Co-expression network analysis in patients with DLBCL

Normalized read counts of driver genes of 48 patients with DLBCL were downloaded from TCGA database (http://firebrowse.org/?cohort=DLBC&download_dialog=true). Co-expression networks were constructed with the R package of weighted gene co-expression network analysis (WGCNA version 1.67) using normalized read counts of driver genes (20). The softpower and minimum number of genes were set as 7 and 10 respectively, all other parameters were set to the default values. Identification of gene co-expression modules was conducted using hierarchical average-linkage clustering. The dynamic tree-cut algorithm was used to identify modules and genes in the same branch that could be assigned to different modules (20). Genes with high intramodular connectivity were considered as intramodular hub genes. The clinicopathologic characteristics investigated in the study are patient age, sex, clinical stage [Ann Arbor staging system; (21)], radiation therapy, ethnicity, survival status and follow-up time and were obtained from the TCGA database. Module-trait associations were estimated using the correlation between the module eigengene and clinical traits, which enables the identification of modules highly correlated with clinical features.

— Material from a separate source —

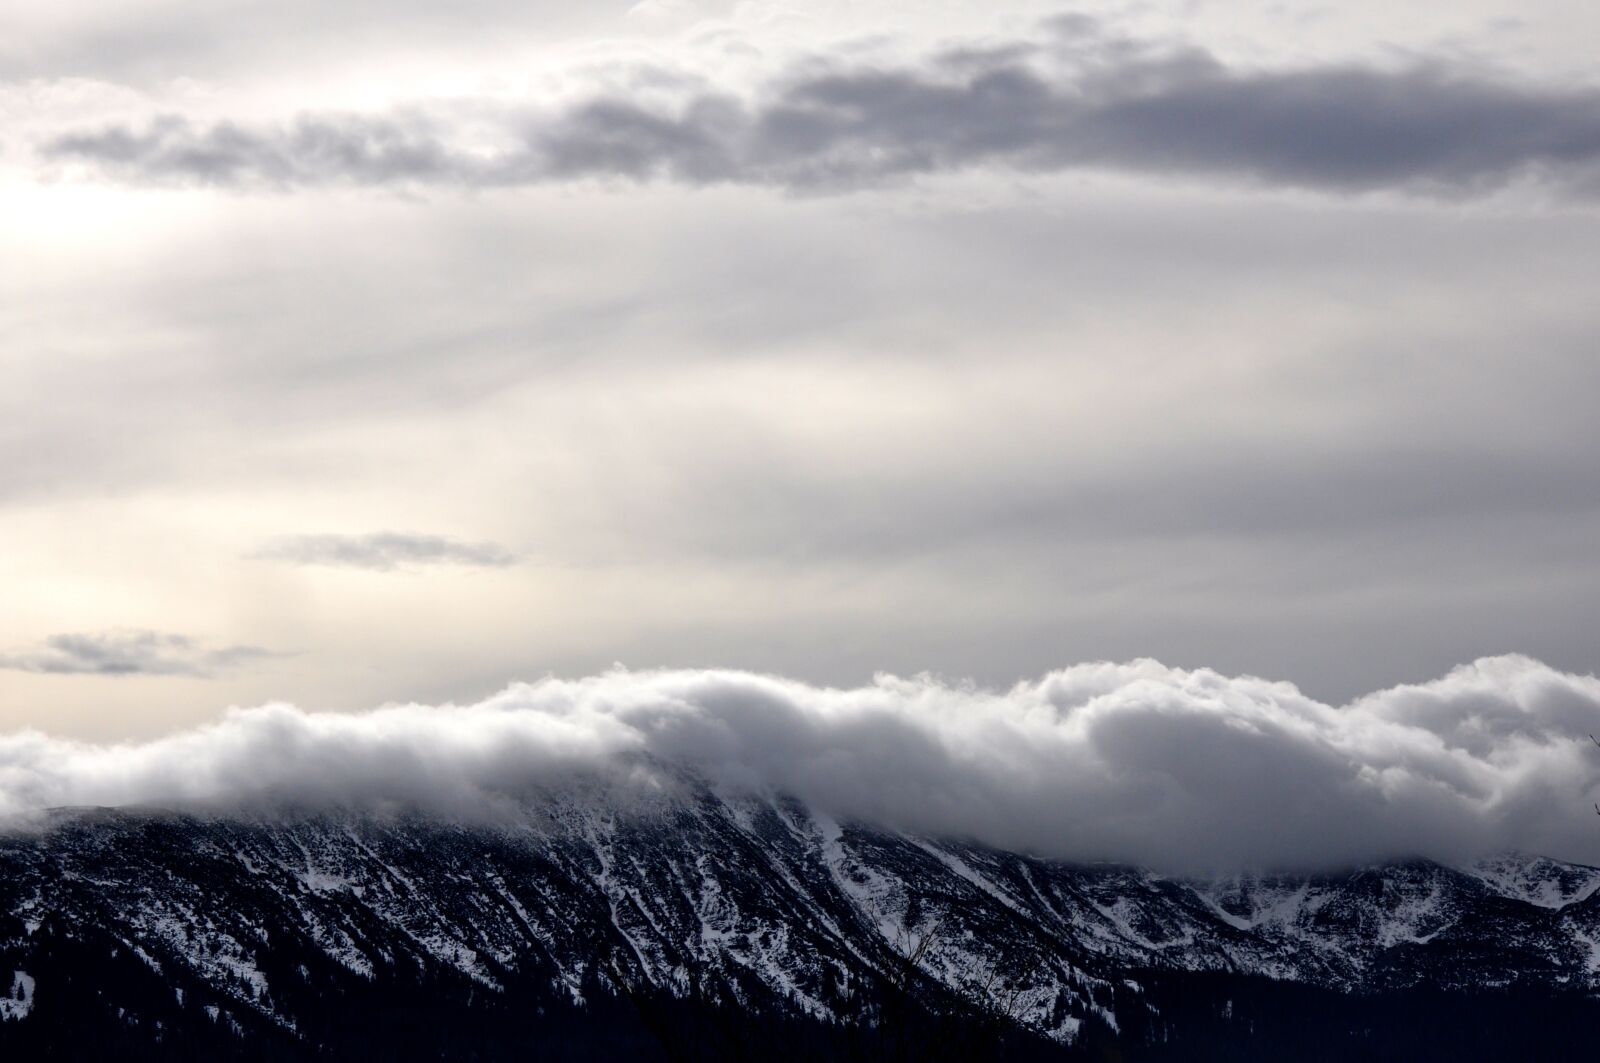 Nikon D90 sample photo. Mountains, clouds, landscape photography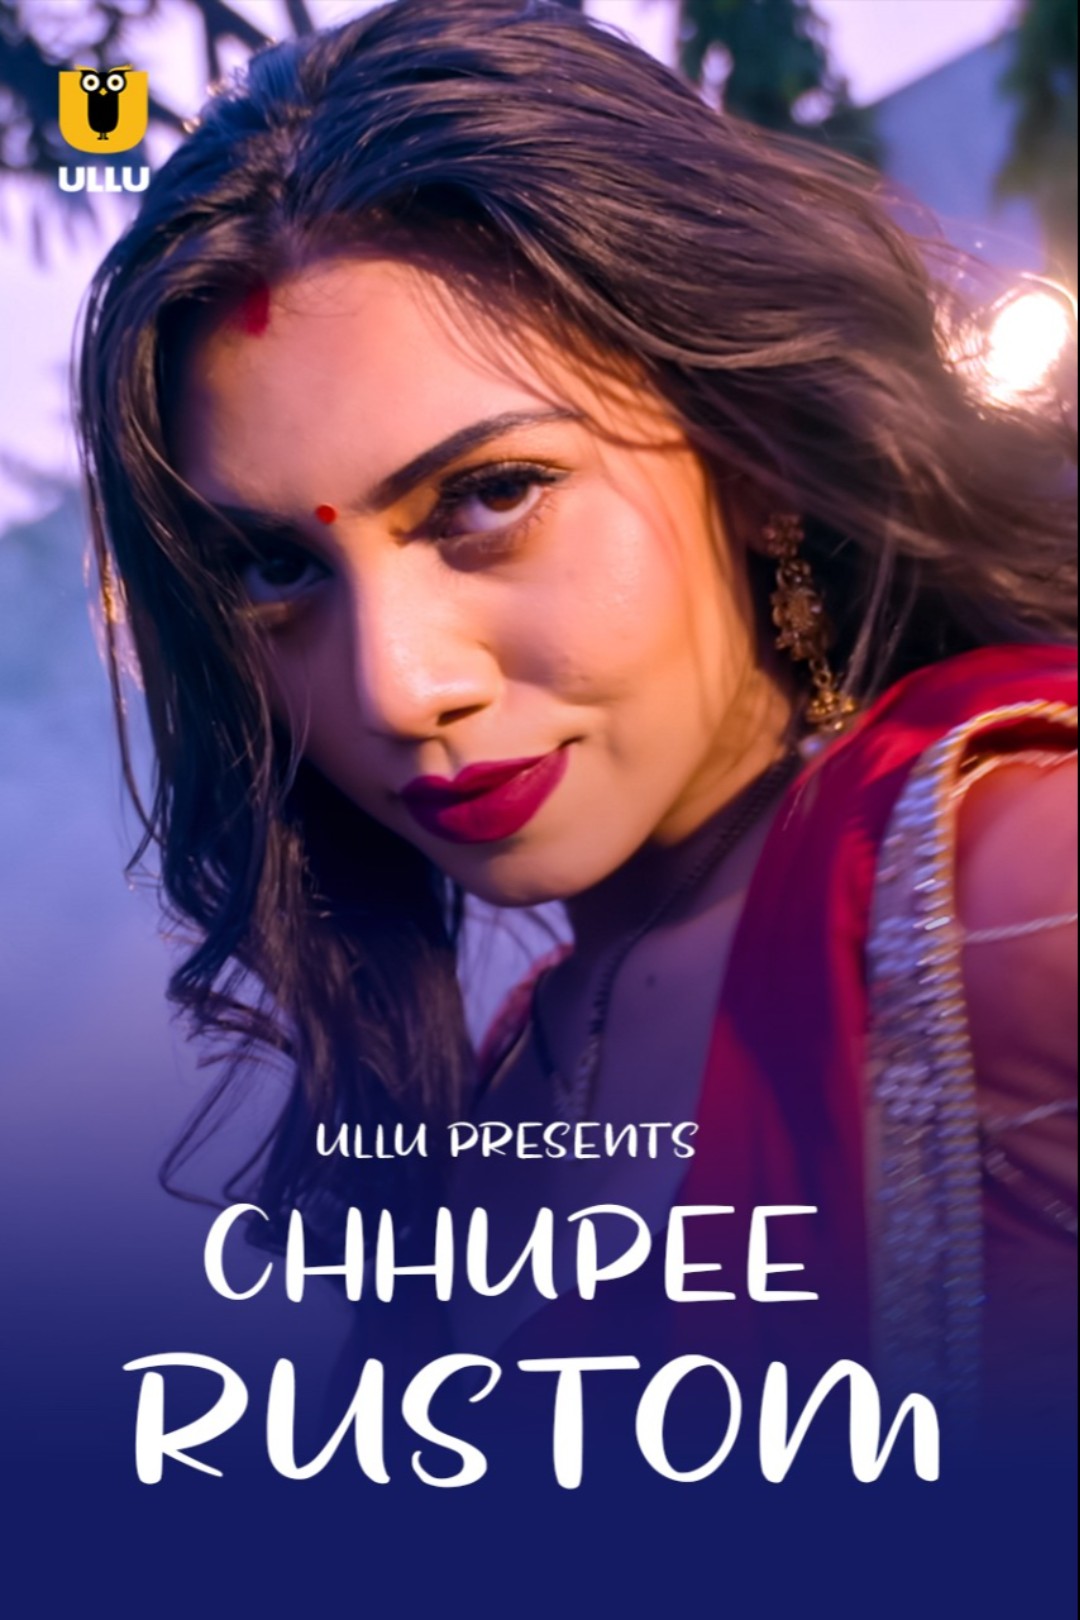 Chhupee Rustom (2021) Season 1 Ullu Originals

Protein-protein interaction (PPI) network construction and analysis

A PPI network was constructed using the Search Tool for the Retrieval of Interacting Genes/Proteins (STRING) database (22). Visualization and calculation of degree value for each node was performed using Cytoscape software v3.7.2 (23). Degree centrality was defined as the number of connections one node has and was also analyzed using Cytoscape software. Hub nodes which have the highest degree of centrality connect most adjacent proteins in the PPI network (22). Furthermore, Molecular Complex Detection (MCODE) (24) was used to detect hub clustering modules in the PPI network with default parameters in Cytoscape. GO and KEGG pathway enrichment analyses were also conducted for genes in significant modules.

Copy number variation (CNV) analyses

Focal CNVs and gene-level CNVs of 48 DLBCL samples were detected using the GISTIC algorithm (25) and were downloaded from TCGA database (9). Focal CNVs were considered statistically significant at the cut-off value of q<0.25. The gene-level copy-number alterations of the top 20 frequently altered driver genes were clustered using the heatmap.2 function of gplots package in R (26).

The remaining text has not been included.